Born and brought up in Milwaukee, she went to Northwestern, but knew early on she wanted to be a writer, having started writing “poetry” when she was still a child. She also wanted to live in Hollywood. This was not an unusual dream for many of us born in that era of the last half of the last century. Hollywood was still known as the Dream Factory and not a few of us wanted to live there and work there.
Susan’s parents objected to the distance since she was an only child. Nevertheless she had an uncle who lived there (and was very important in the industry as a writer and producer – Cy Howard) who was willing to look after her safety, and so she was allowed.
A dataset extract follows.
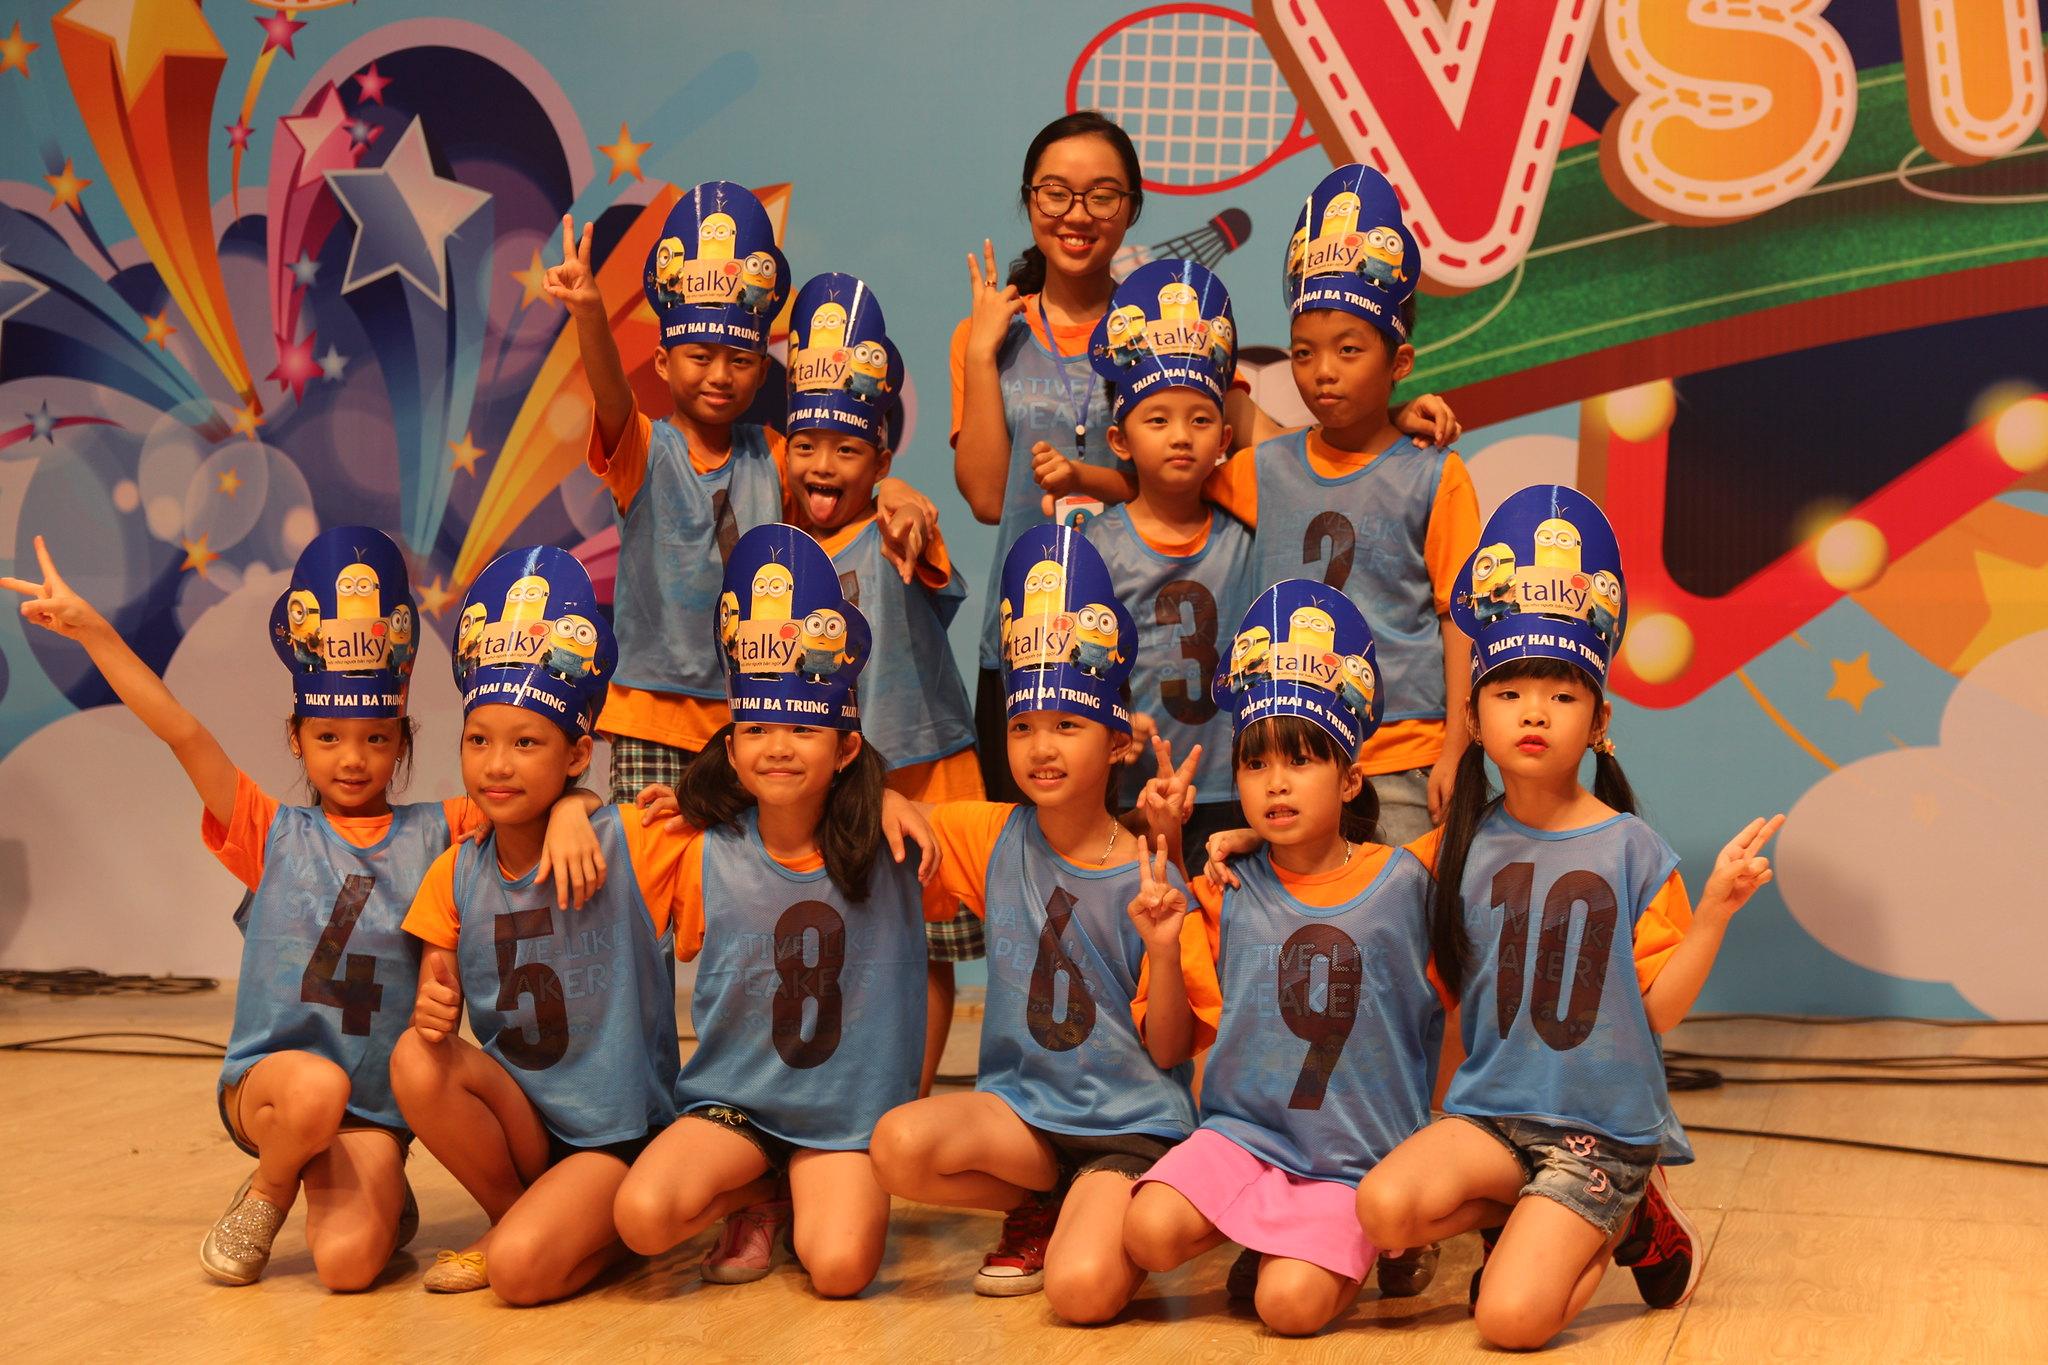 Chuong trinh Vuon cao Vstars - Trung tam Anh ngu Talky

When she was finished with school and committed to remaining, she signed up to become a movie extra. That entailed classic Hollywood experiences with stars such as Steve McQueen and Elvis, which add spice to her tale of pursuing her dreams. From there she took a job in production of a new TV show called “Rowan and Martin’s Laugh-In” — one of the most popular variety shows of the late ‘60s — which brought stardom to Lily Tomlin and Goldie Hawn.
From there doors opened and Susan was now certain that she could write comedy. Women writing sitcoms and comedy were new and few in the industry, but by the early ‘70s she had written her first three episodes of the “Mary Tyler Moore Show.” From there, in the next decade, by 1980, she was one of the most prolific comedy sitcom writers, as well as screenwriter of Movie-of-the-Weeks.
By the 1980s, Susan was one of the most productive and successful television writers in the business. She’d also prospered to the point where she decided to take a break and pursue some other interests. That was when she rented out her house in Sherman Oaks and acquired a Fifth Avenue apartment where she still lives today.
Her stories about Hollywood are true and demonstrate the nature of life in that community of make believe and make-believin’. But aside from the glitz and the glamour and funny peculiarities of life in Lotusland, this is really the story about a liberated American woman who made a life and a career out of what could have been only a dream. She tells it in her contemporary wit as a humorist and screenwriter, always providing the bits that can make you laugh. But beyond that, her life has been a treatise to modern American womanhood, something any woman (and many men) can admire for her pluck, her stamina, and her unflagging optimism. Which probably comes from her relationship with her father who adored her. She adored him, too.